The output should consist solely of the lines running from the one that contains "Maldron Hotel Wexford spacious Twin room" through the end of the records below, copied exactly.

Source material Block Start

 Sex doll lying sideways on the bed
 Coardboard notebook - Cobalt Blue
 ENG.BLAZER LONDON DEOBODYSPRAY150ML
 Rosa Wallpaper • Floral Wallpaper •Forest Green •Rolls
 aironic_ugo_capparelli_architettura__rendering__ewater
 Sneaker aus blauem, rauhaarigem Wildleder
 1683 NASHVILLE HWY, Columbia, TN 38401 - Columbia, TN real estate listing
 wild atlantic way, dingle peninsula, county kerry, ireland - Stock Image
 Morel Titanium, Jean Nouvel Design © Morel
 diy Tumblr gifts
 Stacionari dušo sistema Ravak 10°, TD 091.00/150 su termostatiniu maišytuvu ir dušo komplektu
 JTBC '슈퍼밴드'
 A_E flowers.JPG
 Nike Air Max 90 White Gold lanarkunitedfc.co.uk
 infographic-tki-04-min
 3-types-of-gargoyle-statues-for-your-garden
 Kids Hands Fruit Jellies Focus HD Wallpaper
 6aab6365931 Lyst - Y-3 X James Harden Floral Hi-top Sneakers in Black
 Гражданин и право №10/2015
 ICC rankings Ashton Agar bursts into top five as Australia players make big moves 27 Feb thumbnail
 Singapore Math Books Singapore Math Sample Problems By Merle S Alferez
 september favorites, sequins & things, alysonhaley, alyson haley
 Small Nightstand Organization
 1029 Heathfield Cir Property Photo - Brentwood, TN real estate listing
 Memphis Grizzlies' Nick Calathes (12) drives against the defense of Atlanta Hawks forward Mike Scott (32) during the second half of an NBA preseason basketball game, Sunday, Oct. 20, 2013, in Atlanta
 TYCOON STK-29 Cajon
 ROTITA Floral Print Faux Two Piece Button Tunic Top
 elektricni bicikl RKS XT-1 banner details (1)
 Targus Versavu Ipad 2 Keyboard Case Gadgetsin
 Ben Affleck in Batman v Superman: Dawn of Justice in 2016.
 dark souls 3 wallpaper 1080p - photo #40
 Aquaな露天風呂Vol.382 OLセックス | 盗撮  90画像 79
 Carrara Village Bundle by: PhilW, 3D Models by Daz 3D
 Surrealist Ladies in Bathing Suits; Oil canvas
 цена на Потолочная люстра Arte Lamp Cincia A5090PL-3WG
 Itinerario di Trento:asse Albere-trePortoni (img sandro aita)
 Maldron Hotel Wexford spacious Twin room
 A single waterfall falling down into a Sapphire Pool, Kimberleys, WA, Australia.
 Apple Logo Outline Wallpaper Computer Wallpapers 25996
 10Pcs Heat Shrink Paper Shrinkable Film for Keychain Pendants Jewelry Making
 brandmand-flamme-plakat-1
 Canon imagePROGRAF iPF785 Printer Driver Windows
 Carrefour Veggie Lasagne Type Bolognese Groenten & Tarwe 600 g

Source material Block End

*Answer below:*
 Maldron Hotel Wexford spacious Twin room
 A single waterfall falling down into a Sapphire Pool, Kimberleys, WA, Australia.
 Apple Logo Outline Wallpaper Computer Wallpapers 25996
 10Pcs Heat Shrink Paper Shrinkable Film for Keychain Pendants Jewelry Making
 brandmand-flamme-plakat-1
 Canon imagePROGRAF iPF785 Printer Driver Windows
 Carrefour Veggie Lasagne Type Bolognese Groenten & Tarwe 600 g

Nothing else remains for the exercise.